#### [Data excerpt]
*****

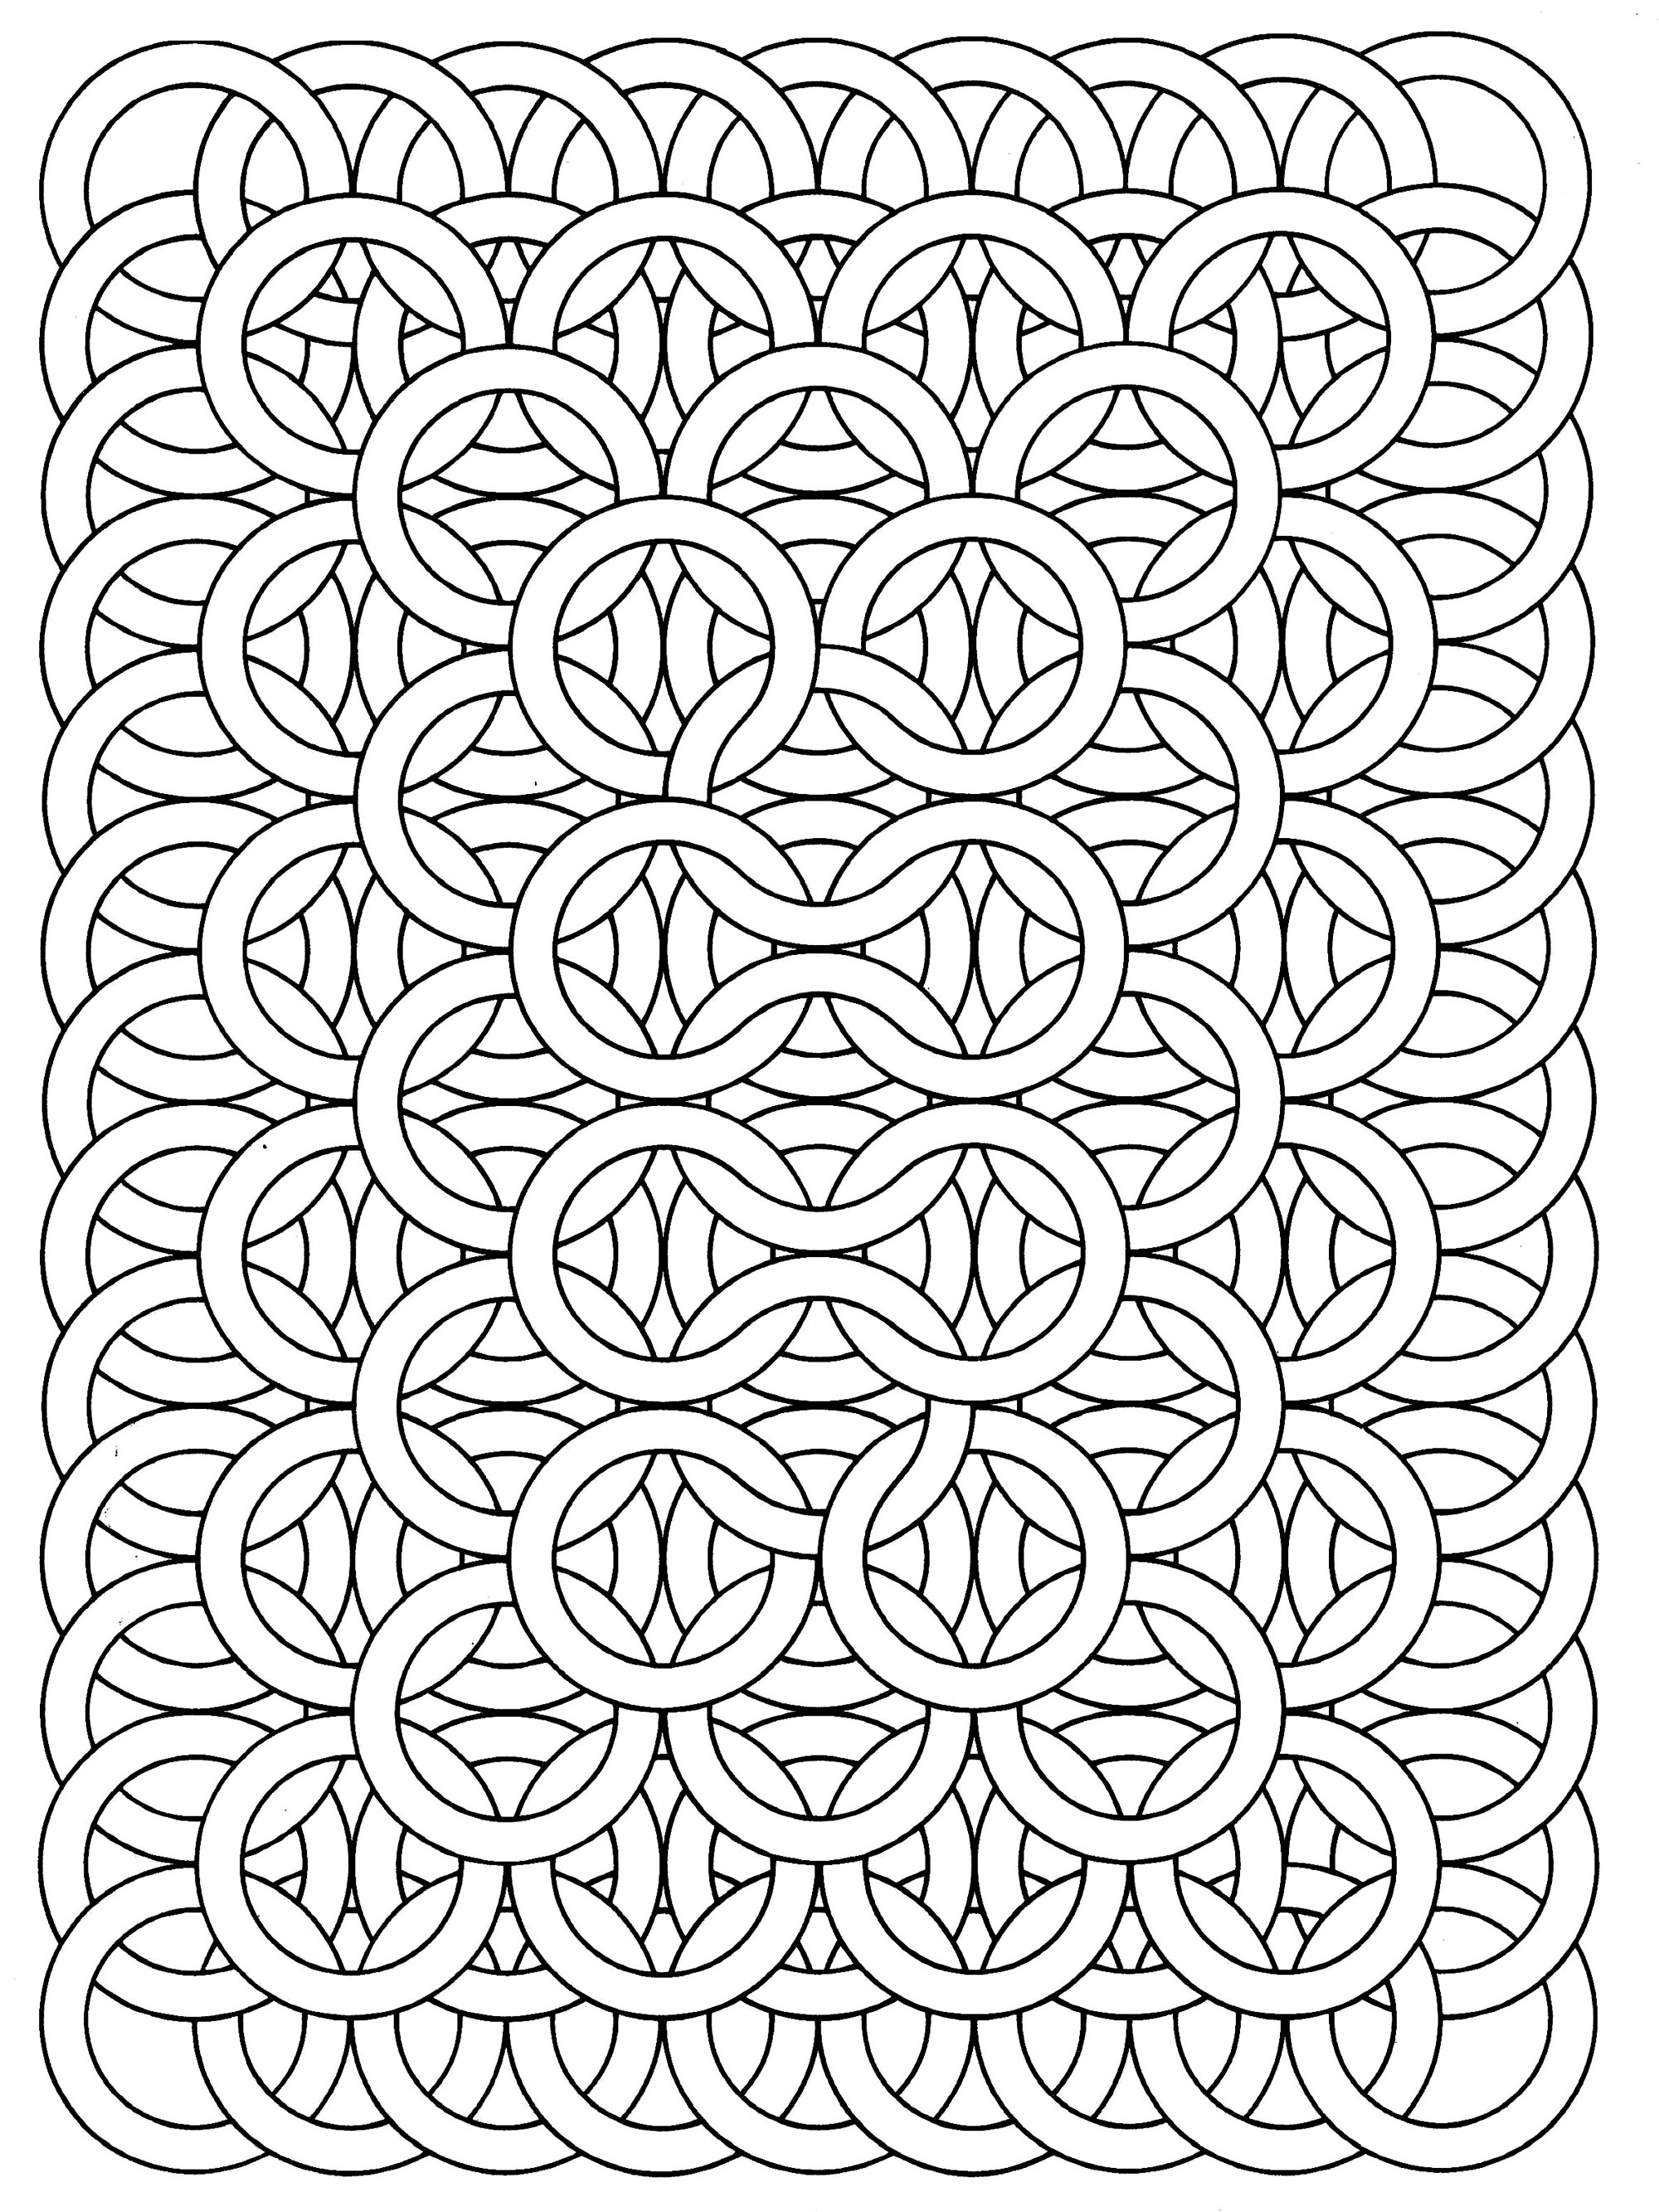 Disegni da colorare per adulti : Op Art - 20
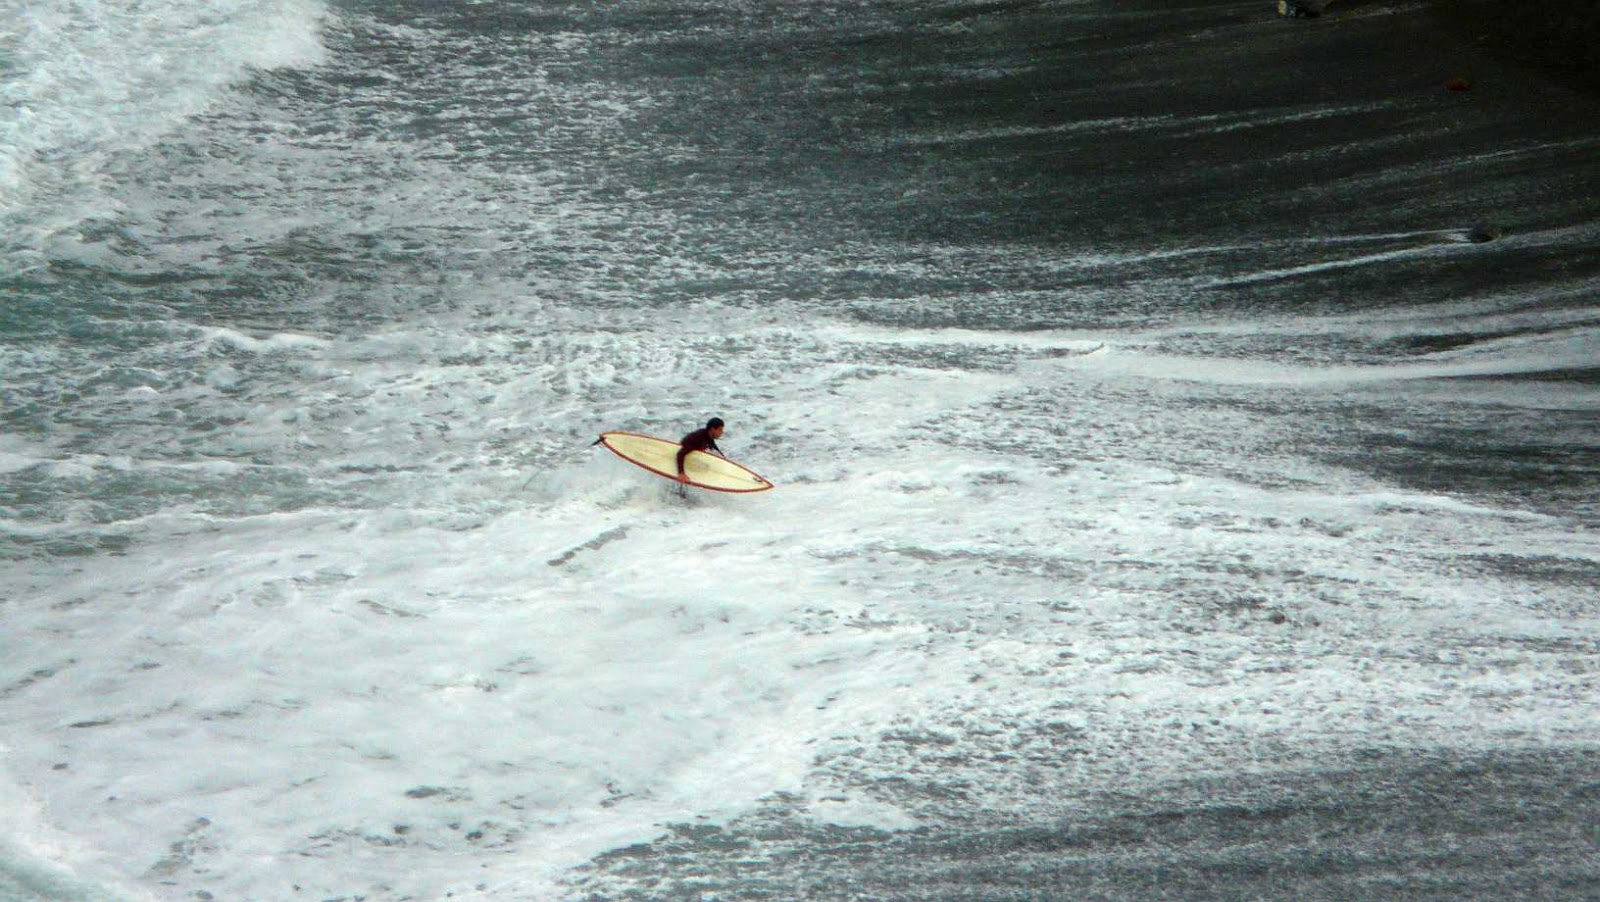 sesion otono menakoz septiembre 2015 surf olas grandes 23
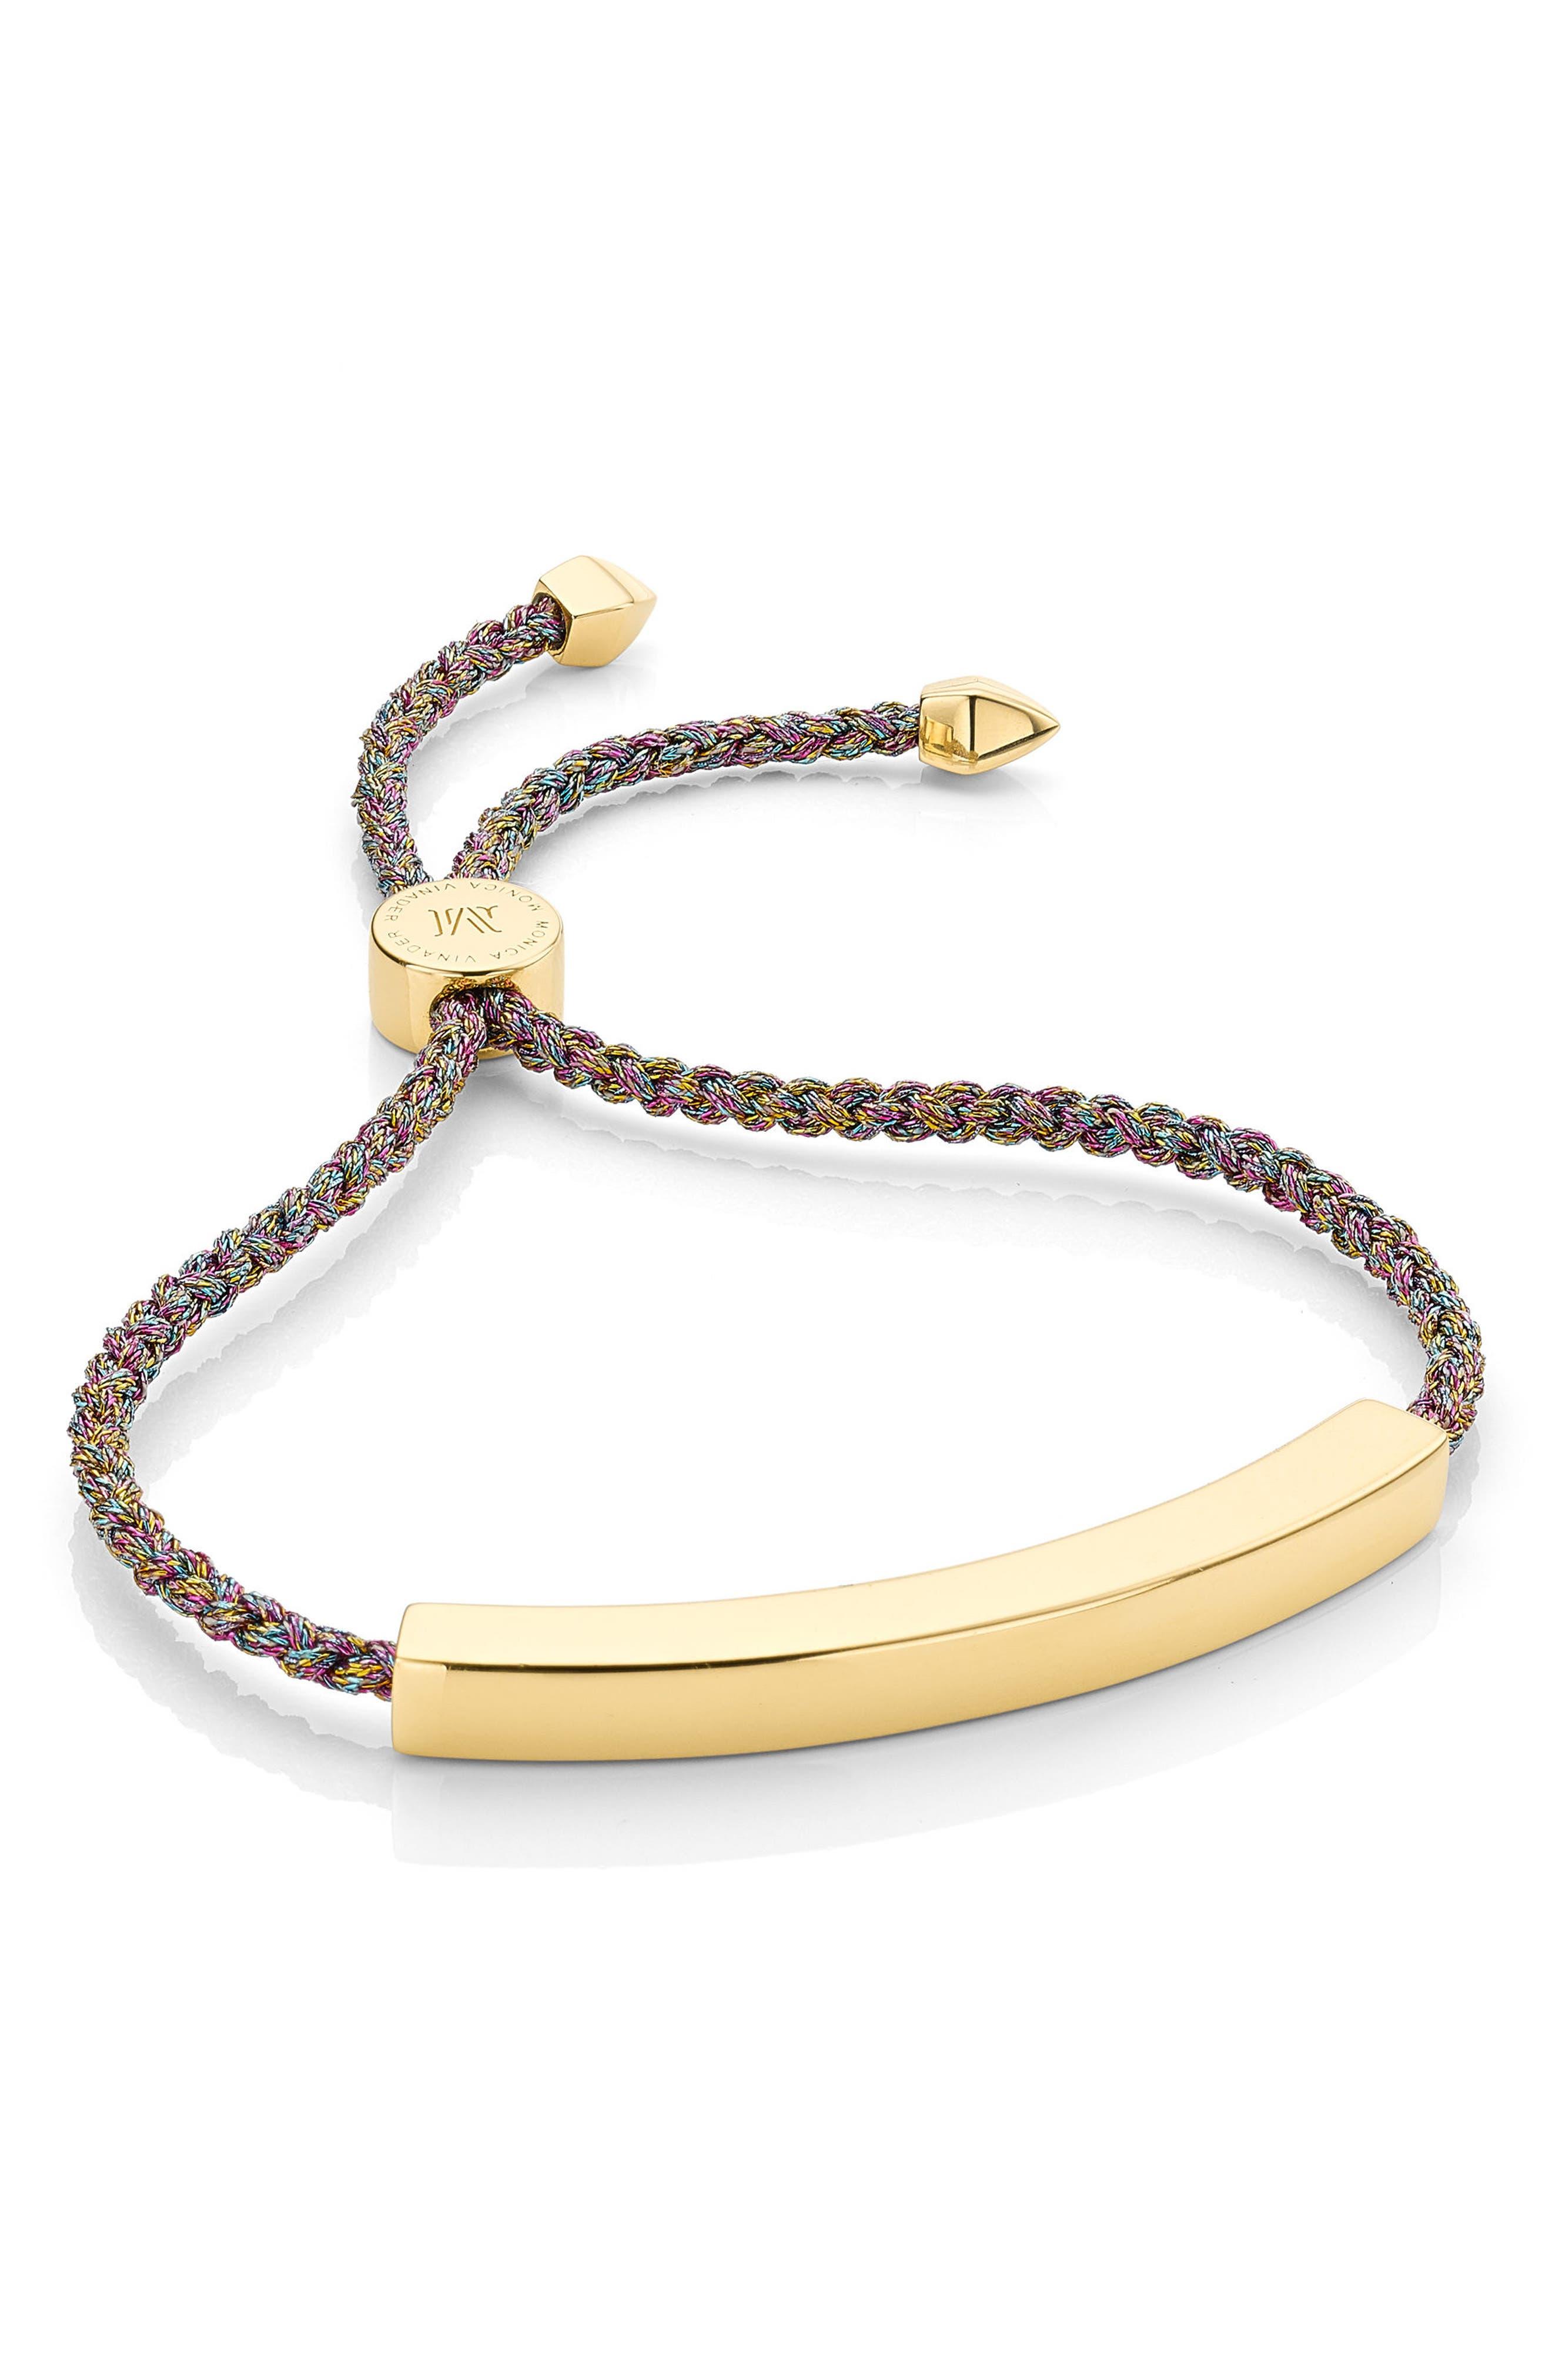 Monica Vinader Large Linear Friendship Bracelet

*****

#### [Task requirements]
Retype, word for word, only the lines from the line with "sesion otono menakoz" to the final line of the listing above; the pictures do not belong in the copy.

#### [Solution for this problem]
 sesion otono menakoz septiembre 2015 surf olas grandes 23
 Monica Vinader Large Linear Friendship Bracelet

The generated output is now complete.